E a pauta das reformas era tão onipresente que, quando o coronavírus apareceu, Paulo Guedes declarou à revista Veja que “ele seria combatido pelas reformas”, numa clara minimização da questão. Fechar o país nem era uma questão para os técnicos neoliberais do Ministério da Economia. Quando a pandemia efetivamente chegou ao Brasil e os governos estaduais começaram a decretar medidas de quarentena sob orientação do Ministério da Saúde, o empresariado pró Bolsonaro entrou em pânico. Como cumprir as promessas de retomada econômica com as lojas fechadas? Como realizar os lucros previstos e pagar os dividendos? Era uma questão com a qual Paulo Guedes e o mercado não queriam ter que lidar.
Aí, o conflito já estava dado. De um lado, a Economia e o desejo de ignorar tudo o que se fez historicamente contra pandemias para a manutenção do lucro de empresários varejistas. Do outro, a Saúde falando que era necessário fechar tudo é que não havia qualquer chance do país sair da pandemia sem as medidas de isolamento social. A decisão estava com Bolsonaro.
A Escolha de Bolsonaro
O grande problema dos governos de matriz neoliberal é que nesses governos o Ministro mais importante sempre será o da Fazenda. No Brasil de Bolsonaro, que radicalizou o neoliberalismo, esse Ministro ganhou ainda mais importância, controlando, numa pasta só, temas como Previdência, Planejamento, Orçamento e Trabalho.
Estava clara qual seria a escolha de Bolsonaro. O Ministro da Saúde, Luiz Henrique Mandetta, não era exatamente o ministro mais influente do governo. Pelo contrário: estava ali pelo DEM, era considerado “quadro técnico” em relação aos demais, tocava o ministério sem tanta influência externa. Saude nunca foi uma prioridade para Bolsonaro até a pandemia. Por outro lado, Paulo Guedes era o fiador de Bolsonaro junto ao mercado.
Além disso, os principais financiadores de Bolsonaro desde a eleição de 2018 estavam muito mais próximos da lógica de Paulo Guedes do que da lógica de Mandetta. Parecia clara a decisão para Bolsonaro. E ela foi externalizada naquele terrível pronunciamento de 24 de março de 2020, que minimizou a pandemia, tratando-a como uma “gripezinha”.
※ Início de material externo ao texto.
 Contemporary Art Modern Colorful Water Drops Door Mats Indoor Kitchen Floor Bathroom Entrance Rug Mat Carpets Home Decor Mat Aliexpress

Quando Bolsonaro contrapõe saúde e economia, não está tratando ambos como polos opostos à toa. Está refletindo a batalha interna em seu governo. Com sua escolha deliberada pela economia, Bolsonaro começou a operacionalizar a sabotagem ao isolamento social. Os operadores da sabotagem? Militares, gabinete paralelo, Prevent Senior, líderes evangélicos como Malafaia. As medidas? Espalhar teses estapafúrdias. Isolamento vertical, imunidade de rebanho, cloroquina.
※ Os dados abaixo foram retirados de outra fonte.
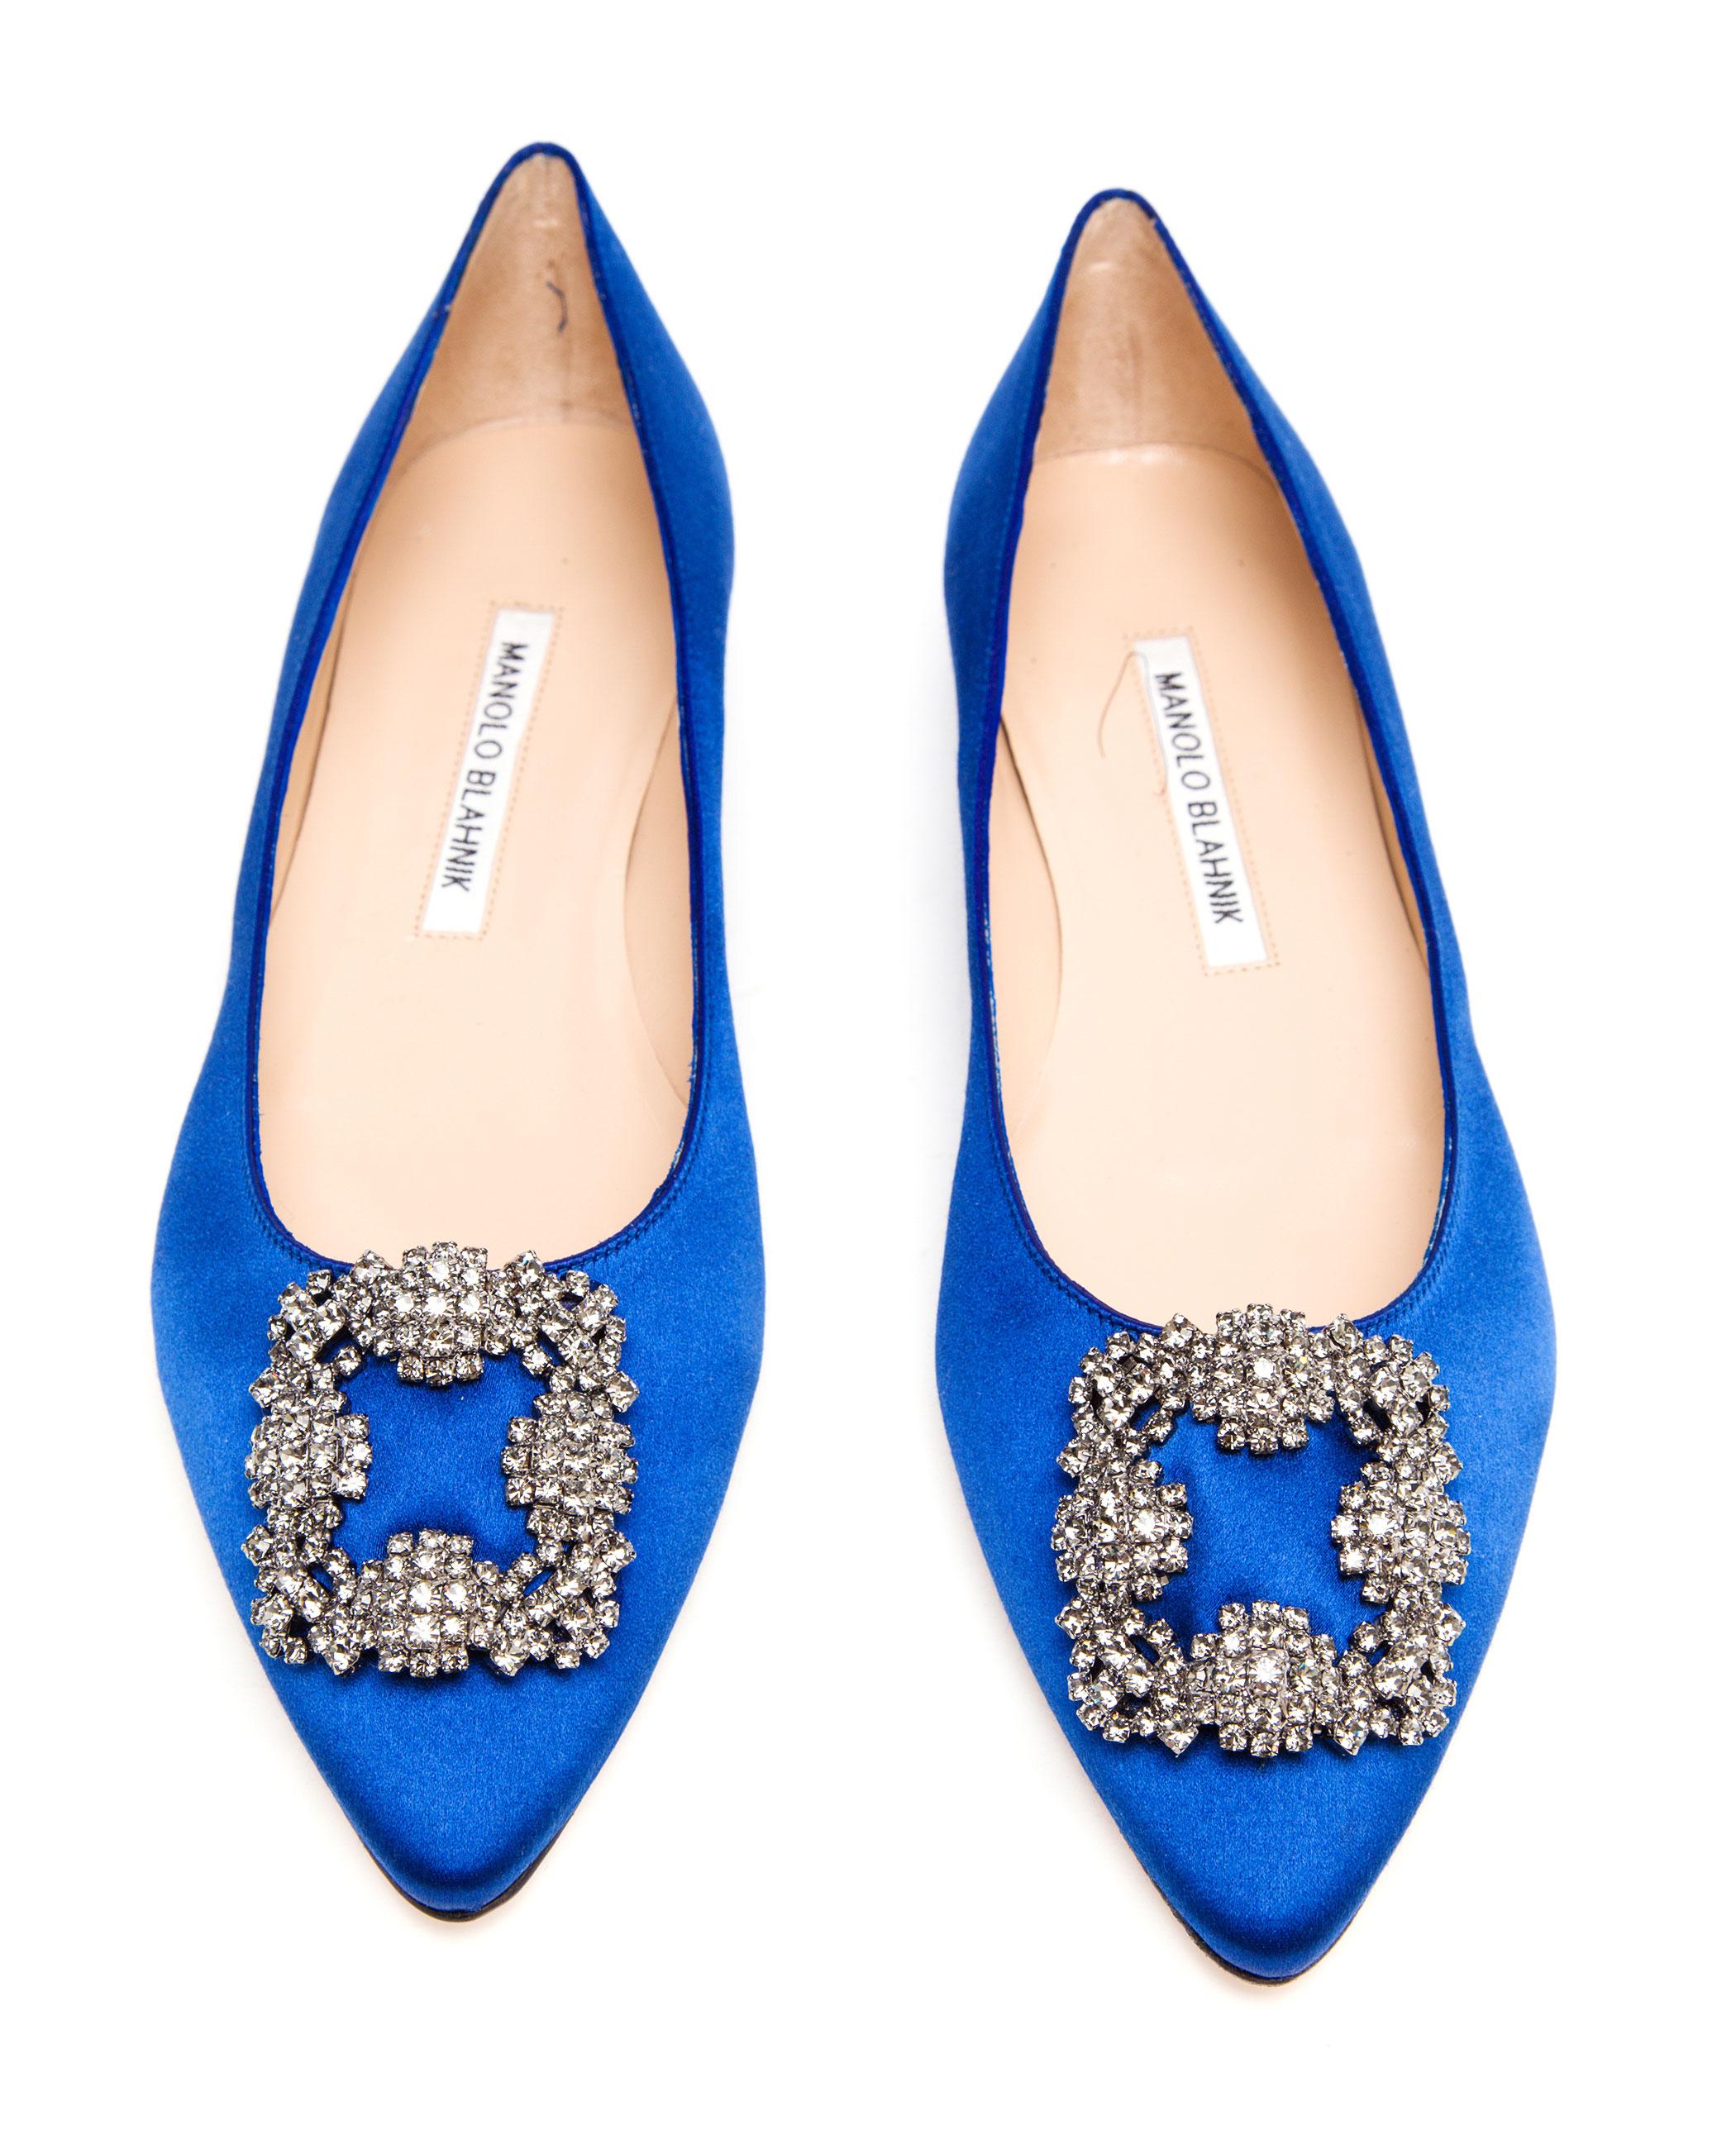 d5689775a19 ... order lyst manolo blahnik hangisi embellished satin flats in blue 16f55  60303

A ironia é que Bolsonaro poderia ter garantido sua reeleição durante a pandemia. Bastava seguir o preconizado pelo Ministério da Saúde. Bastava não ter sabotado o isolamento social. Bastava ter comprado vacina na hora certa. Mas não, Bolsonaro não fez nada disso. Preferiu rifar a vida de 600 mil brasileiros para agradar meia dúzia de empresários e um punhado de especuladores.